I am in love with the truth. Perhaps obsessed is a better word for Love, or at least true Love, deserves a separate consideration. I find the truth to have a neverending and incomparable appeal. I want to know the truth. I want to know all of it and always, concerning everything and everyone, in every respect and concern. In that sense I am not a humanist - I have hurt my self and the people closest to me since I have a hard time shying away from the truth. This does not mean that I don't lie, but I do feel horrible about it when I do. I find it, as a matter of principle, always better to know the horrible truth even when knowing it does you or anybody else no good.

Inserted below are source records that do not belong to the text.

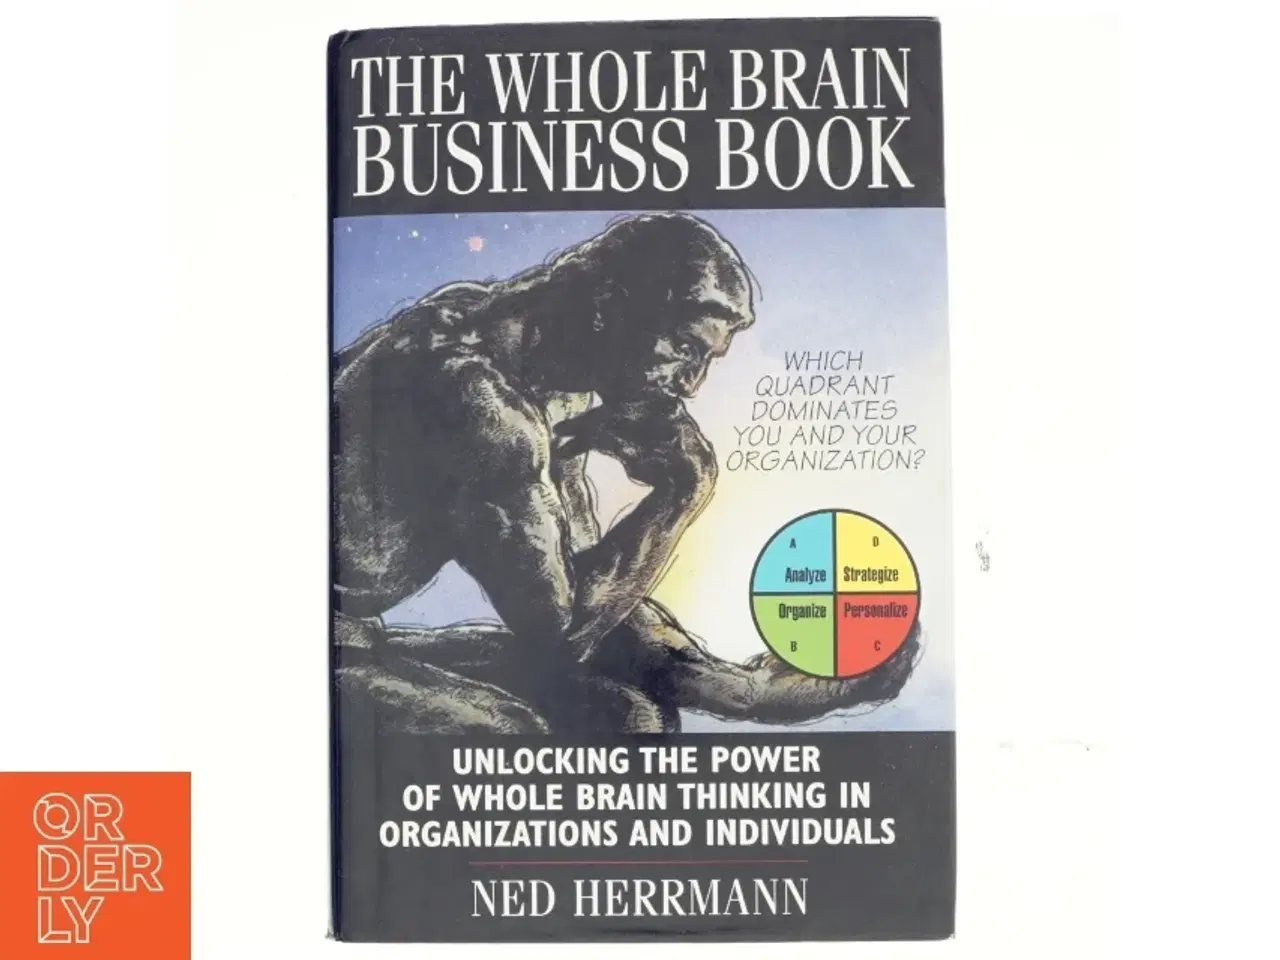 Billede 1 - The whole brain business book af Ned Herrmann (Bog)
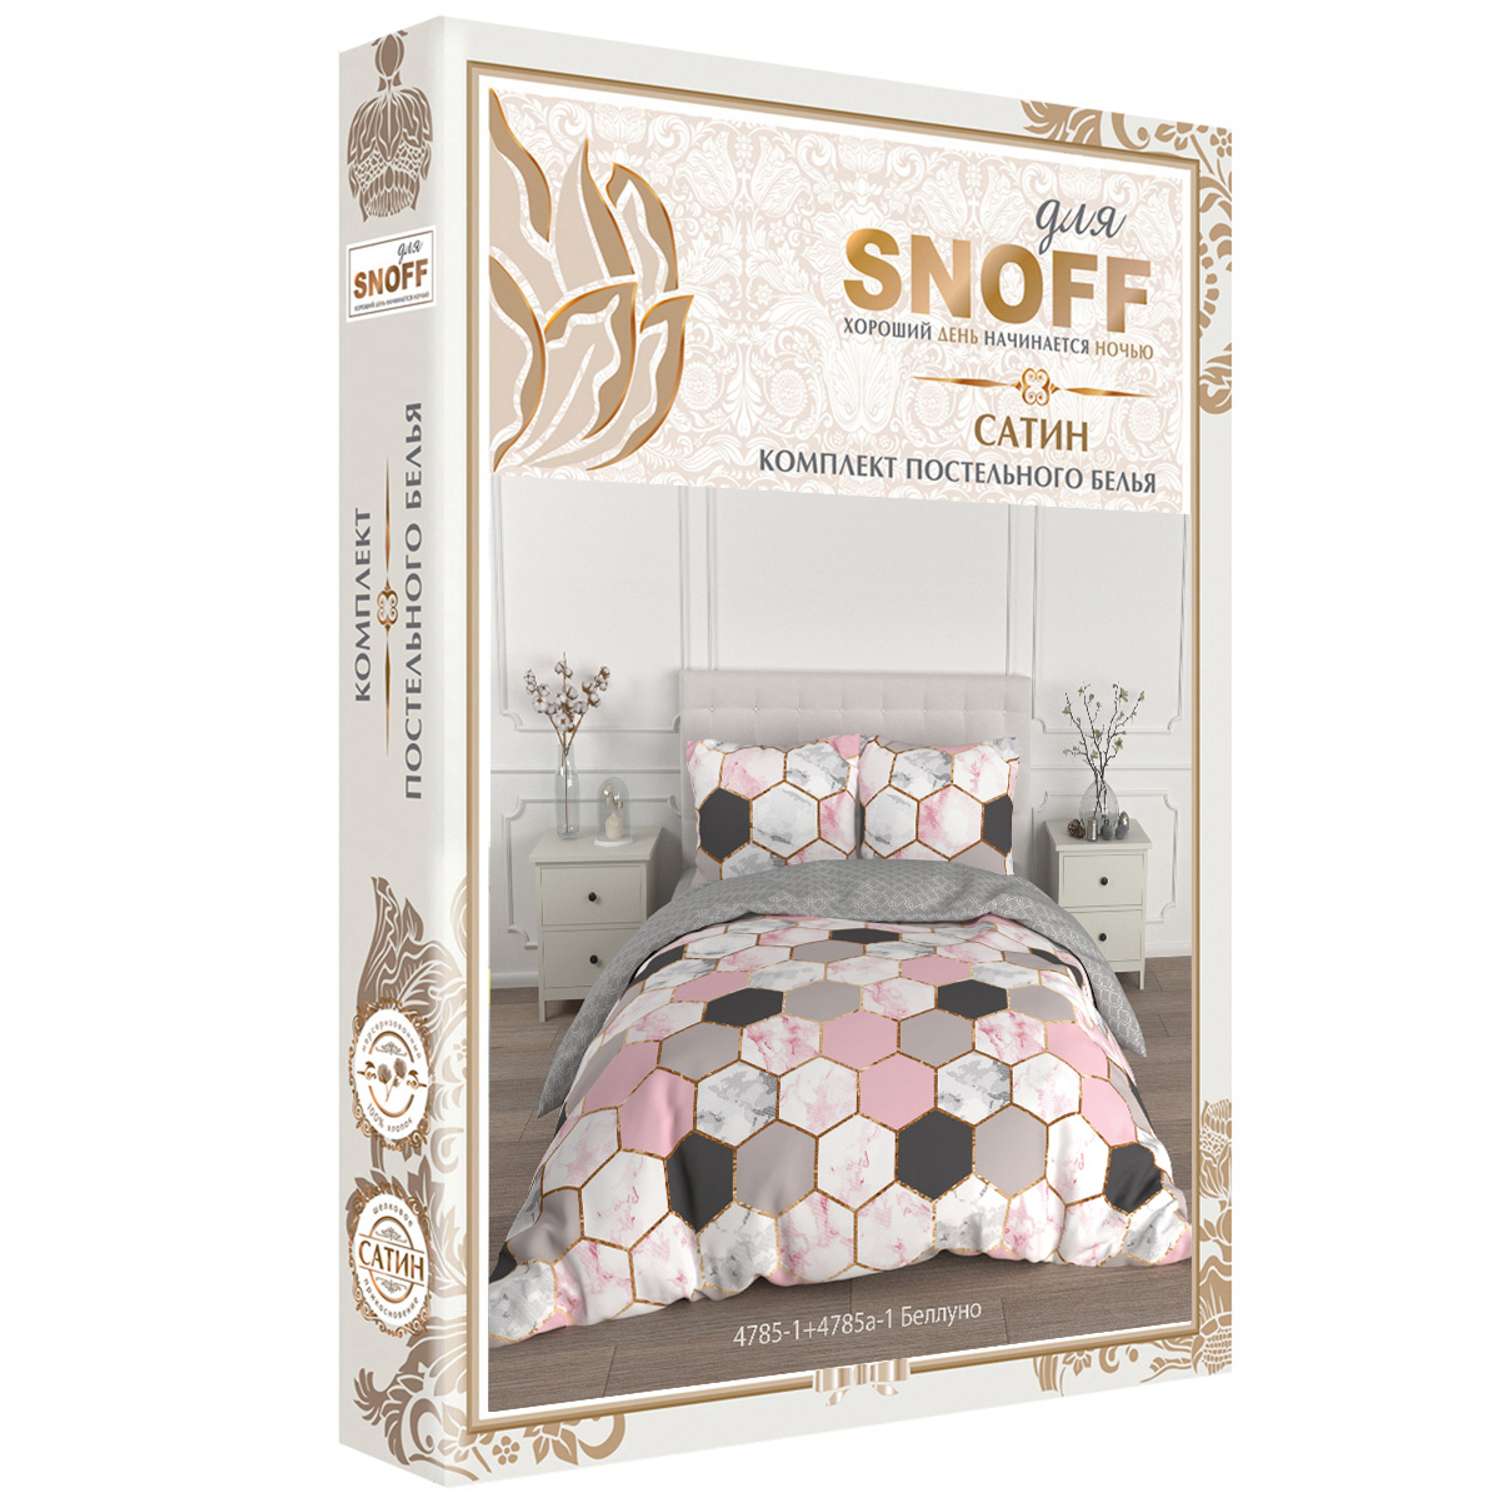 Комплект постельного белья для SNOFF Беллуно 2-спальный макси сатин - фото 4
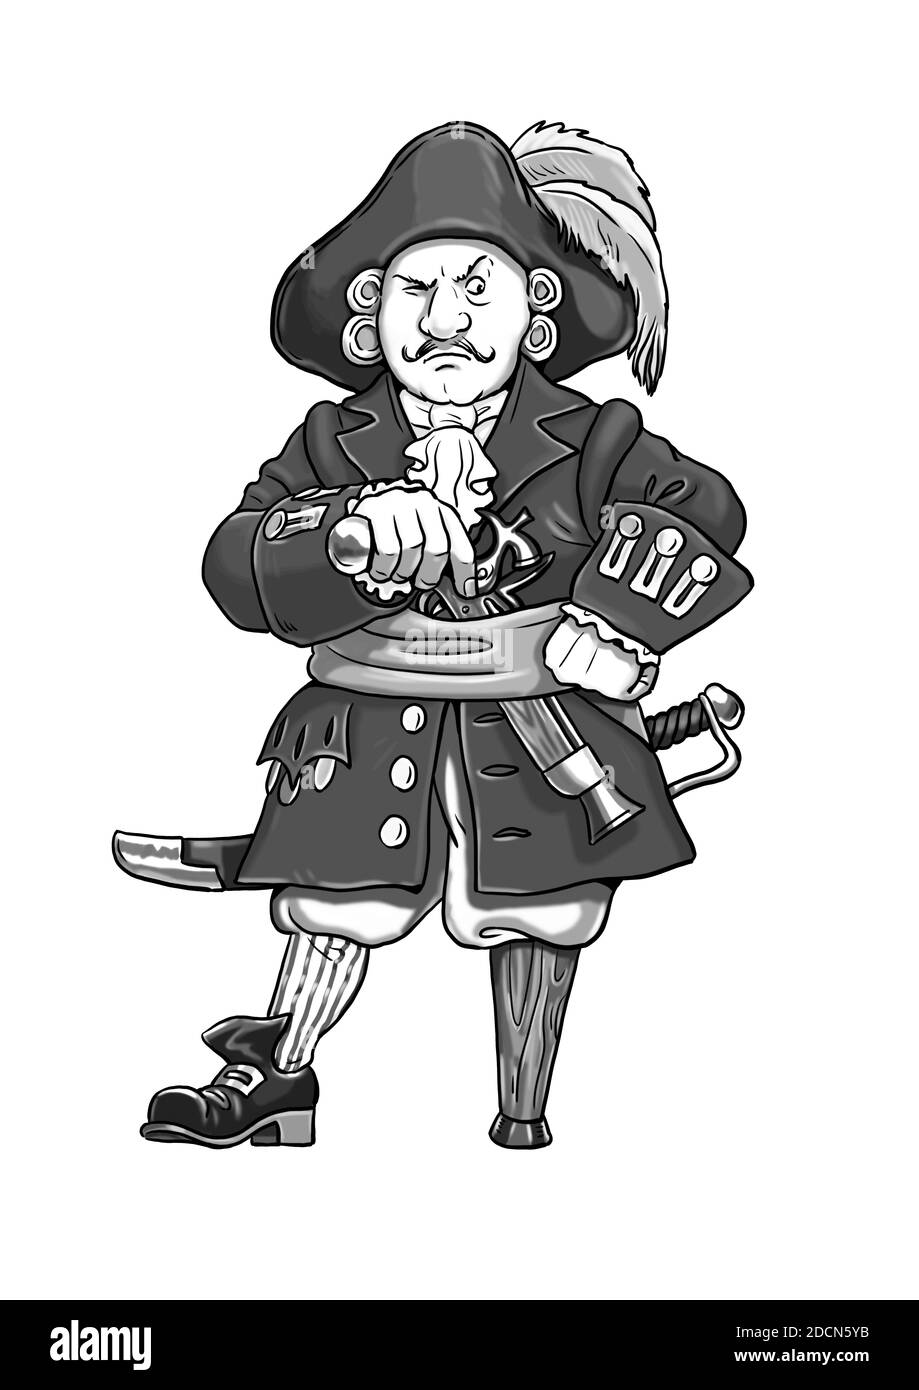 Pirat Kapitän mit dem Holzbein Cartoon. Witziger Kapitän Flint. Schwarz-weiße Zeichnung. Stockfoto

There are obviously many downsides to such an obsession, as anybody will surly notice. One disadvantage is that truth is really hard to come by. Moreover, what's even harder than finding out the truth is knowing that you actually have found the truth. Indeed, certainty has some benefits of its own but my quest for it starts with my obsession with truth. The problem of certainty has bothered many people that it even drove some of them to do philosophy. Rene Descartes, sometimes referred to as the 'father of modern philosophy', has found certainty in doubt. He was really concerned with certainty; so concerned he was that at some point he lost all of it.
It seems to be that there is truth in doubt. Frustrations from truth-seeking failures have taught me a great many things about the benefits of the doubt. I am, however, doubtful that there can be certainty in it. For what it means is that there is nothing one can be sure of, and that one can be sure of that. That sounds peculiar to me; though I admit I am not one to dismiss contradictions off-hand. How can we really know for certain that there is nothing to be certain of? Surely it's possible that that there are indeed some things you can know for certain, we can never know.

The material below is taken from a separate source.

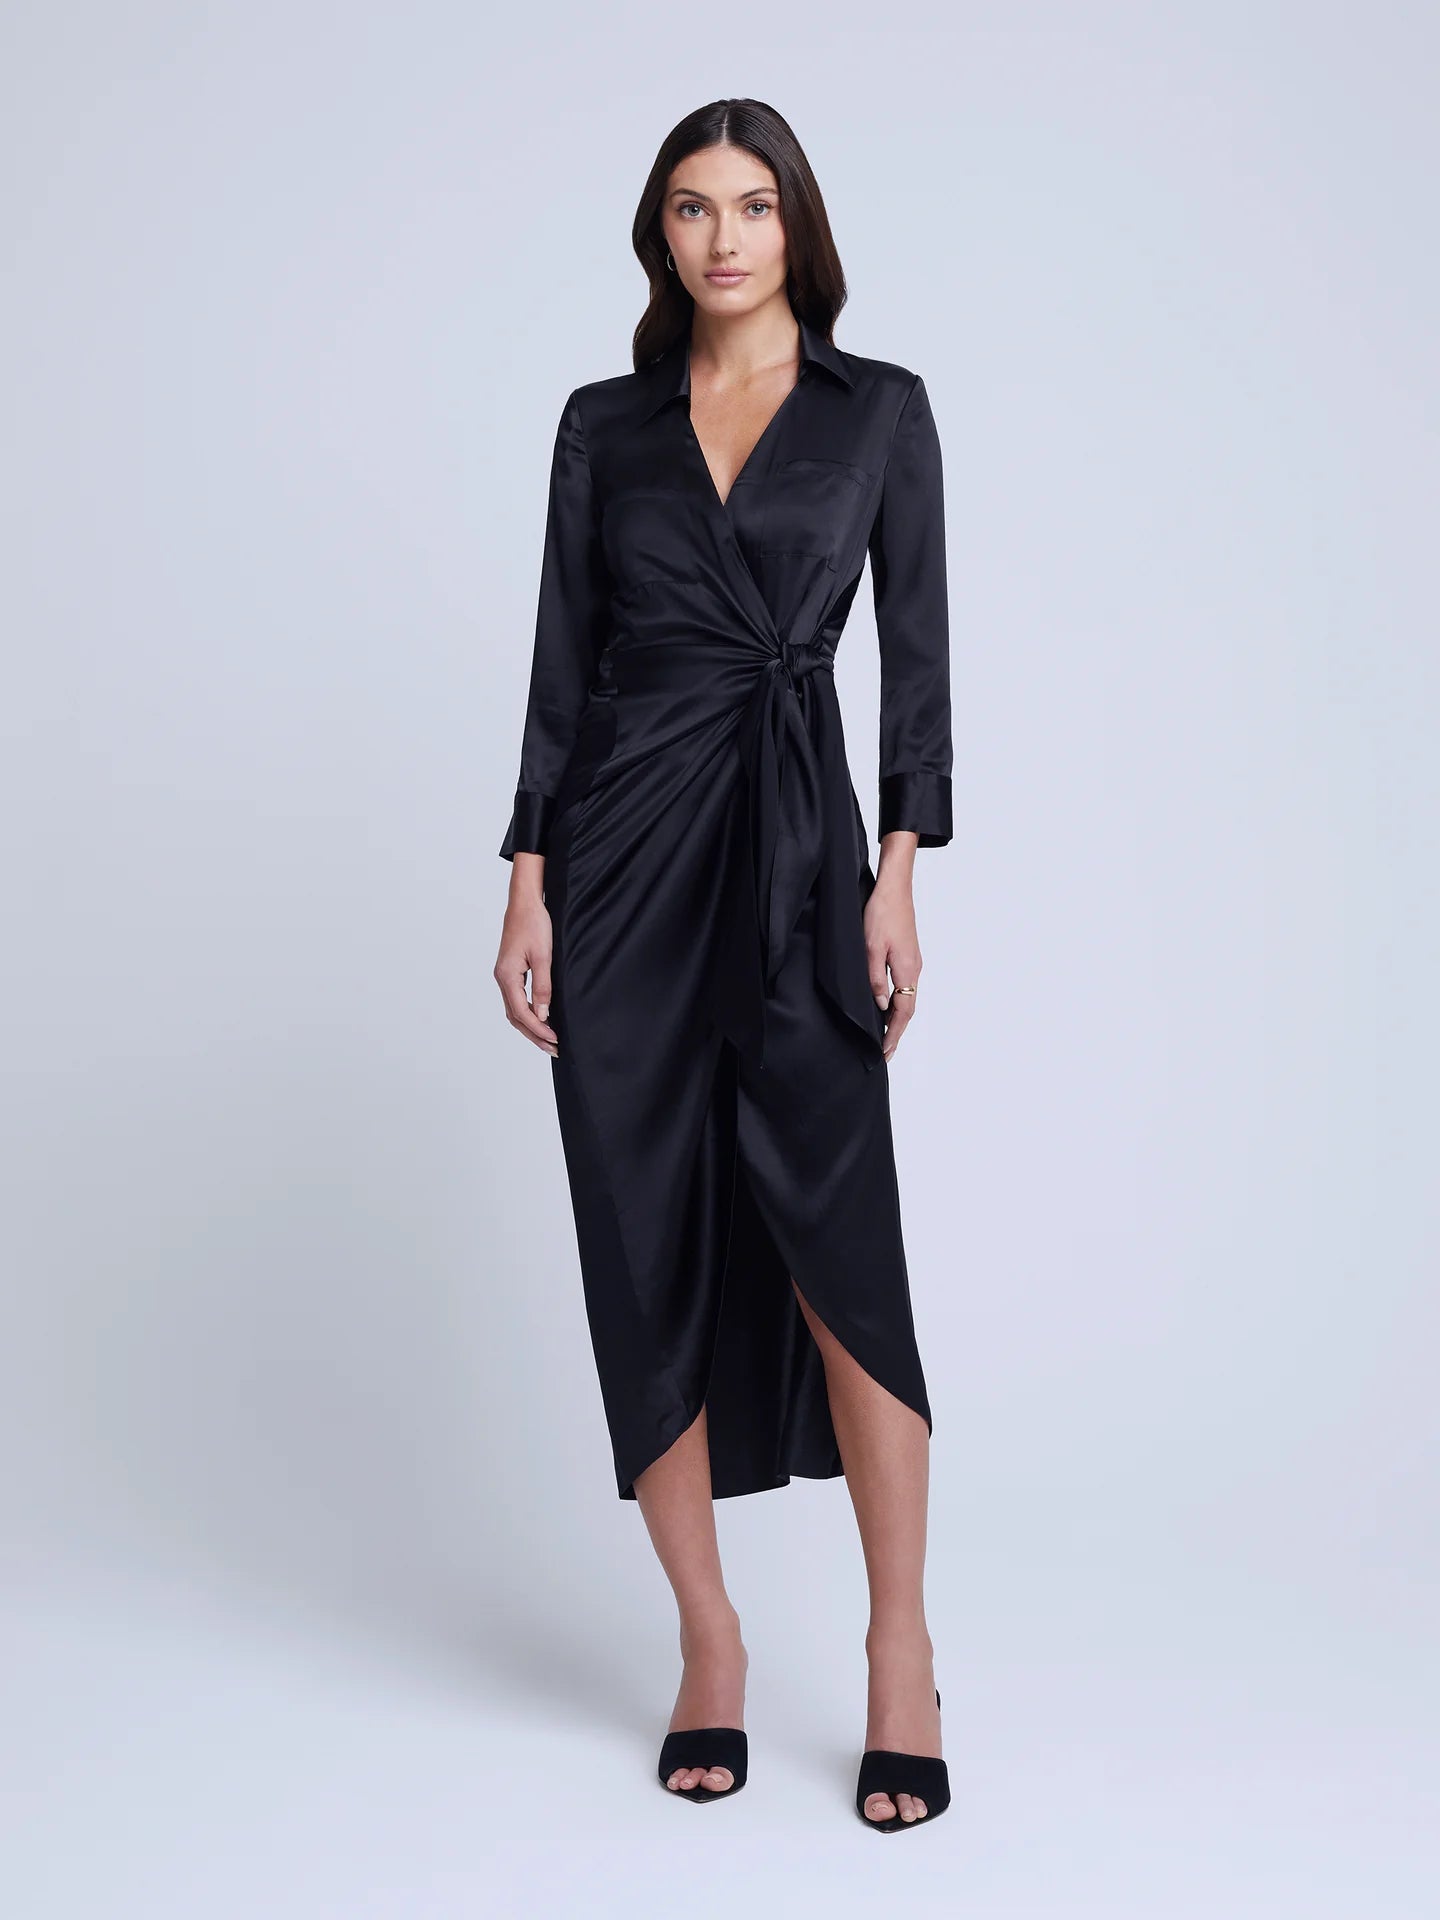 L’Agence - Kadi Long Wrap Dress - Black

I think it's fair to say that fidelity to the truth of doubt cannot rely on such an assertive assertion. We must admit that it is indeed possible that there are some truths that can be known for certain but which truths we may not know for certain. This does not mean, I believe, that we must suspect all things and consider all of them to be uncertain, just because we don't know if we can know them for certain.
To fully adhere to this kind of skepticism means to doubt all certainties including that of doubt itself. We must then accept some certainties, if only in the name of doubting doubt. Accepting certainties is very hard for skeptics for they too are addicted to the certainty of doubt; they cling to it like survivors to a rock. Accepting certainties is a tough job: it's suspect of arbitrariness and so demands courage. Indeed, that is a contradiction as well, but it seems to me to be a truer contradiction than the previous one. Why have I chosen this one rather than the other? I have tried to explain, but if you do not find my argument cogent, you may choose a different certainty to cling to. I will be the last to criticize you for that.